Выбрать главу

Но в ушах звучит не ее голос, а причитанья Анны Яковлевны, кашель из-под одеяла, и тотчас происходит это, в комнате появляется девушка.

В комнату входит племянница, вернее, внучатая племянница, забежала на полпути; та самая, о которой ночью говорил отец; та, что стоит спиной к окну, и волосы окружают светящимся нимбом её лицо, погружённое в сумрак. Кажется, она собиралась стать актрисой, какую же пьесу вы ставите, спросила Анна Яковлевна.

“Твоя мама в больнице, – сказала племянница. – Уже третий месяц”.

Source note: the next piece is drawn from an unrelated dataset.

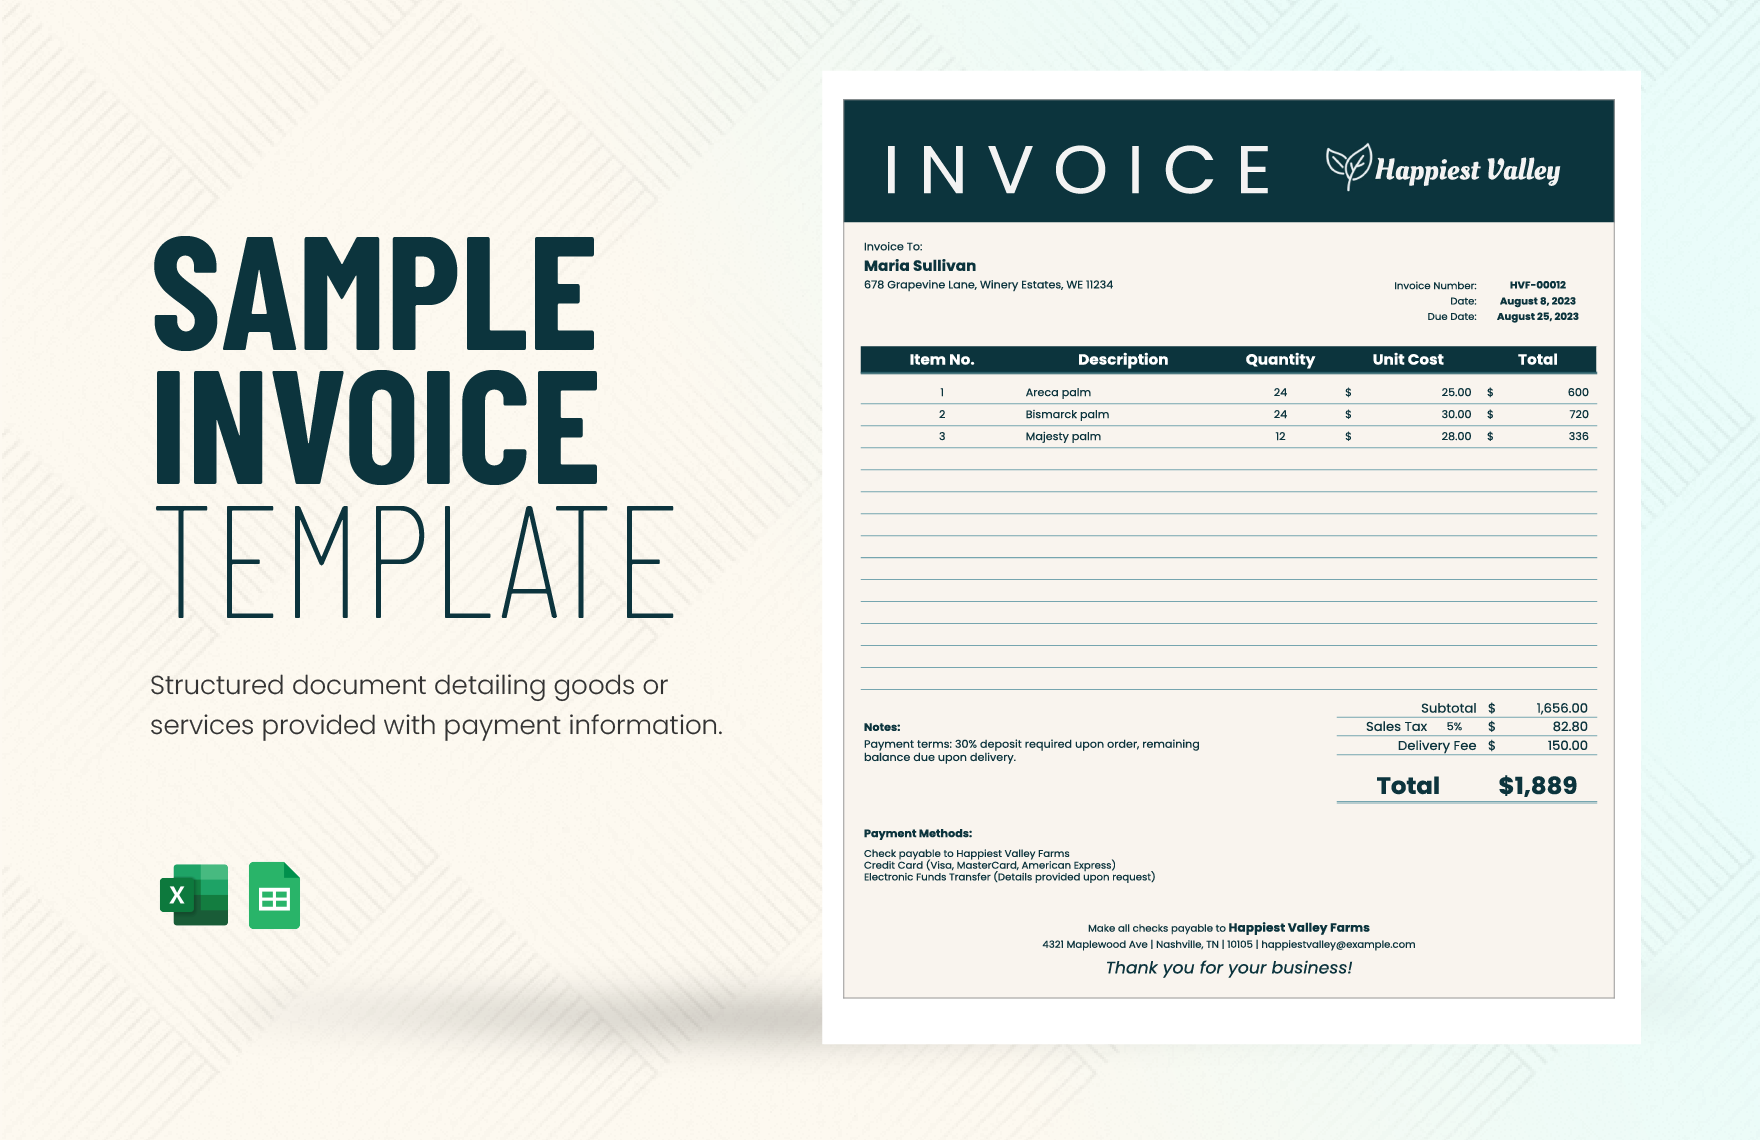 Sample Invoice Template

Странник стянул ушанку с остриженной головы. В комнате было полутемно, широкое трёхстворчатое окно выходило во двор. Комод на прежнем месте, но картина в роскошной облупившейся раме, нагая девушка в бокале, исчезла, нет иконы, не стало фотографий, и к запаху пыли и старины примешивается душно-сладковатый аромат женщины. Под халатом дышало и двигалось её тело. Рассвет затушевал черты её лица. На диване – но это уже не тот диван, без спинки, на которую так удобно было опираться, – на раскладном диванном ложе скомканное одеяло, подушка с вмятиной от головы; одна подушка, отметил он. Туалетный столик, заставленный баночками, флакончиками, заваленный безделушками. Новые вещи вперемешку со старой рухлядью. Слева от двери на плечиках, занавешенные простыней, висели её платья.

Писатель попросил разрешения оставить в комнате чемодан с книгами.

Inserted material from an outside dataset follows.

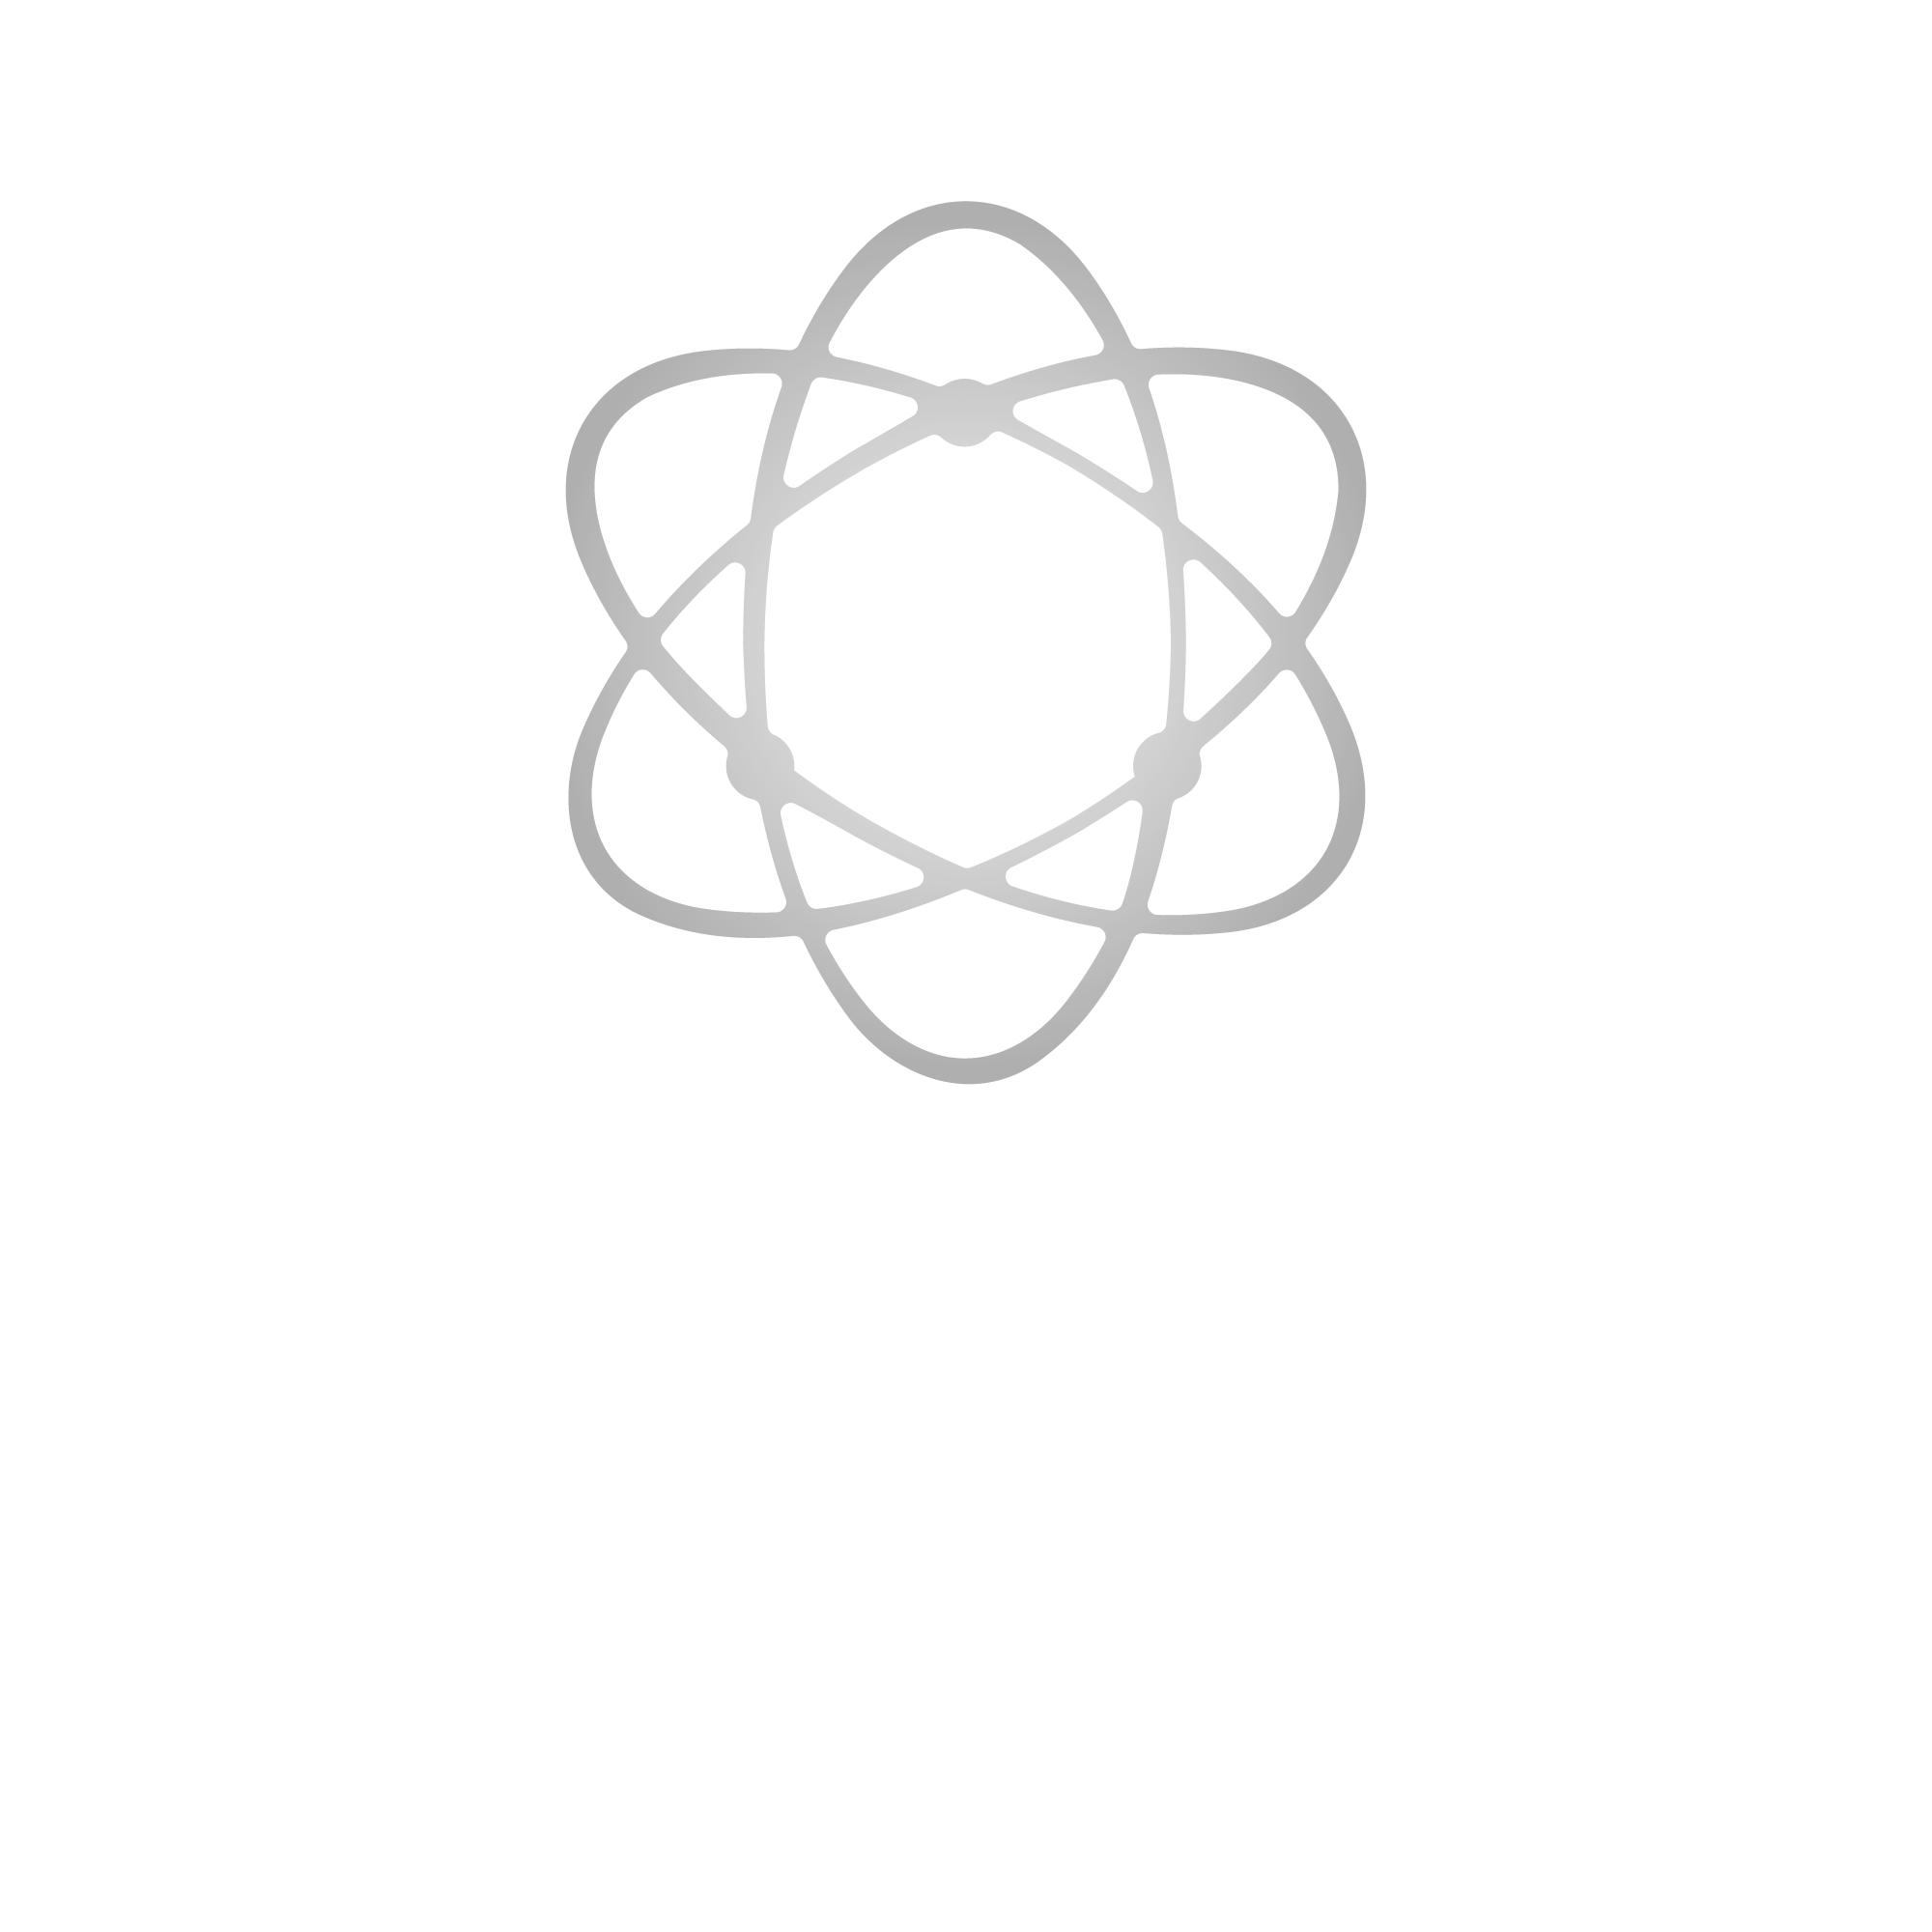 Macro mArketing Consulting logo white transparent

“В какой больнице?” – спросил он.

Она оглядела его, качая головой: “Тебя, в таком виде...” – ватное рубище, буро-рыжие, расширяющиеся книзу валенки на толстых подшивках. К тому же она не знала, где эта больница, надо сходить в поликлинику.

А комната, спросил он, что с комнатой.

Длинная, как пенал, комната родителей, откуда бежал он в ту далёкую ночь, и мать провожала его на вокзал, и далее потянулась вереница дней, почти уже нереальных, волосатый мужик, и жизнь на заимке, и жаркое тело Клавы, время, остановившееся на время, застрявшее, как он, пока не подъехал к полуразрушенным воротам милицейский фургон, чёрная шинель вошла и растолкала его.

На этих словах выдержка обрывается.